Here’s a question to submit to Web search service Ask Jeeves: What
happened to the era of the wised-up Internet investor?
As is the case with many queries posed to Ask Jeeves, don’t expect a
satisfying answer. You sure won’t get one from me; I’m as puzzled as
anyone as to why so many investors gladly paid $60 a share or more
Thursday on Ask Jeeves’ first day of trading.
The Berkeley, Calif., company logged the third-best day ever for an
Internet IPO, trailing only theglobe.com and MarketWatch.com. After
offering $3 million shares at $14 each, Ask Jeeves saw its shares rise
as high as $77.81 before closing at $64.94, a 364% gain in just one day.
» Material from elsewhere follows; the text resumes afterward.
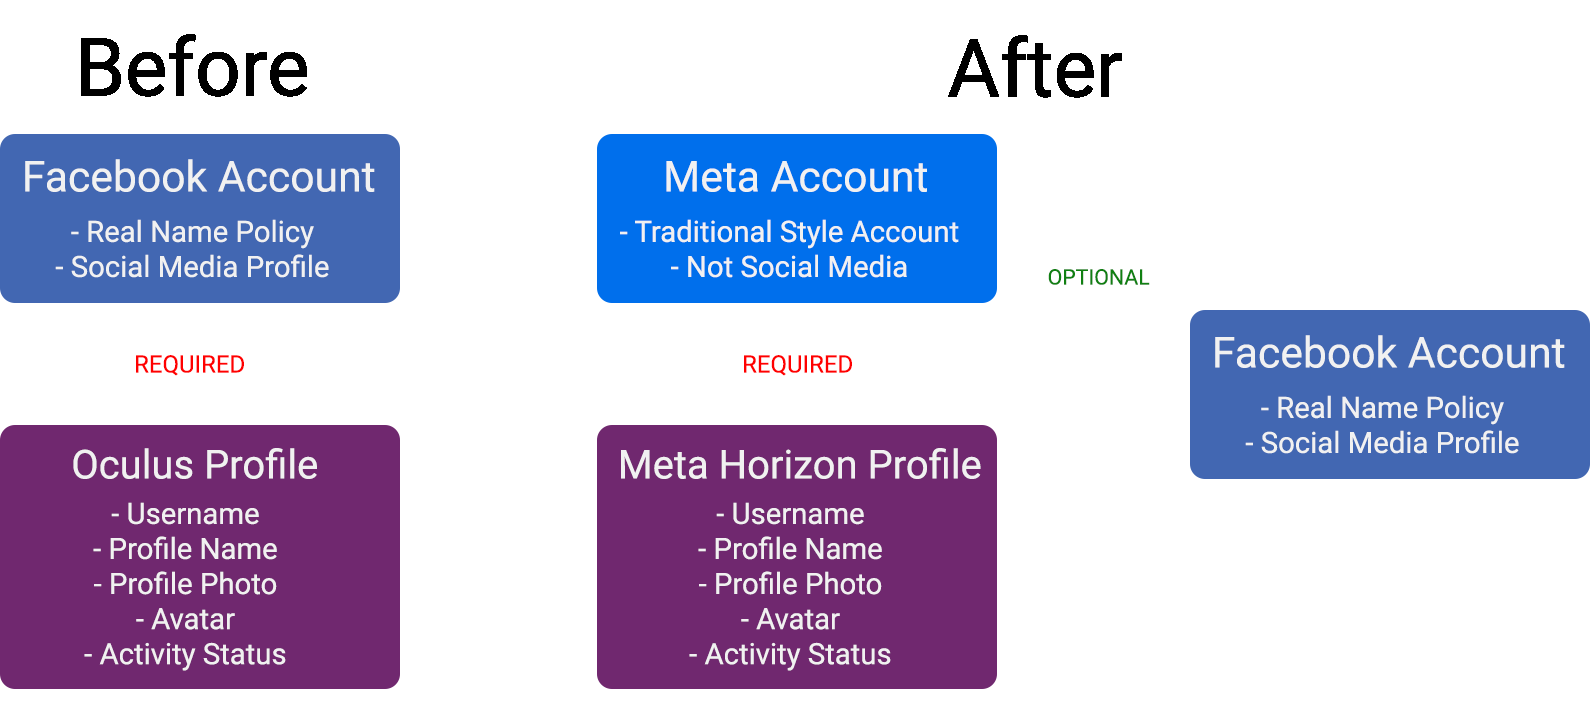 Log in using a Facebook / Meta Account
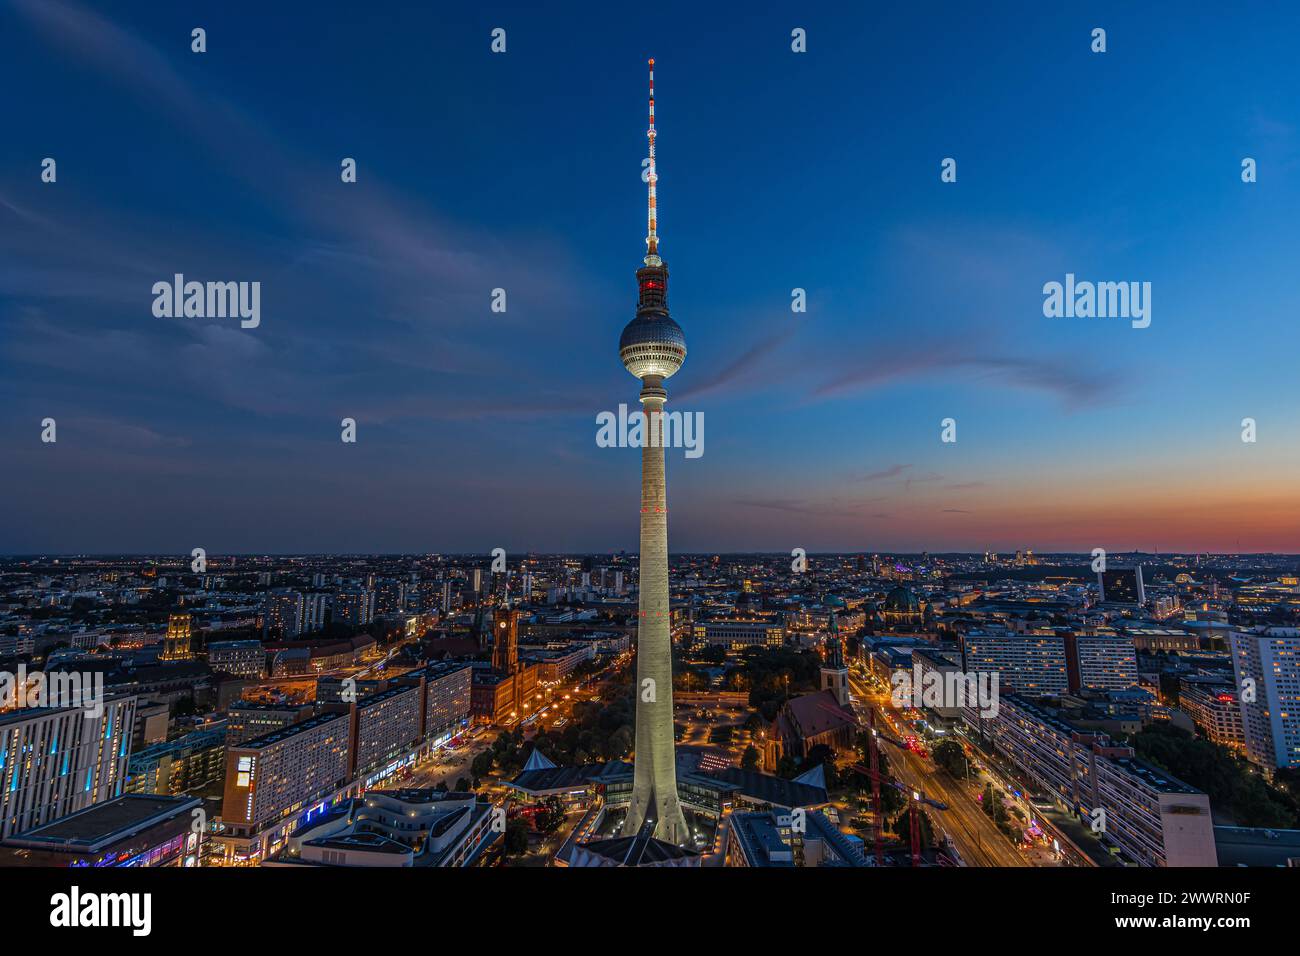 Abendstimmung der Berliner Skyline zur blauen Stunde. Beleuchteter Fernsehturm am Alexanderplatz im Zentrum der deutschen Hauptstadt. Illuminat Stockfoto

Supposedly the mid-April market corrections had sobered Internet
investors whose feverish desire to cash in on the cyberspace craze had
driven share prices of dozens of ‘Net companies to absurd heights.
With Internet stocks dropping drastically this spring, and Internet IPOs
being greeted with far more skepticism, it’s hard to believe that so
many investors would fall for hype about a company with an embryonic
economic model, early-stage technology and modest revenues.
But they did. And the frenzy continued on Friday, as ASKJ shares rose to
nearly $70 in early trading. To anyone selling ASKJ shares at these
prices, congratulations, you’re making a killing. To anyone buying,
remember that there’s little but momentum behind this stock, and that
will run out. When it does, the price will fall fast.
Ask Jeeves’ ticker debut overshadowed another sizzling IPO from a
company with far better long-term prospects, in my view.
Business-to-business e-commerce player Commerce One offered 3.3 million
shares at $21 on Thursday. After opening at $66, CMRC shares finished at
$61, 190% above the offer price. The stock continued to trade in the
$60s through Friday morning.
Commerce One, based in Walnut Creek, Calif., offers software and
services that enable buyers and sellers of business goods and services
to conduct transactions over the Internet. In other words, it’s an
e-commerce infrastructure player, competing with large vendors such as
Microsoft, IBM and SAP and start-ups such as Ariba (which had its own
moonshot last week).
Fast company, but there’s plenty of room for niche players in the
e-commerce software market, which is forecast by many analysts to be one
of the fastest-growing Internet segments.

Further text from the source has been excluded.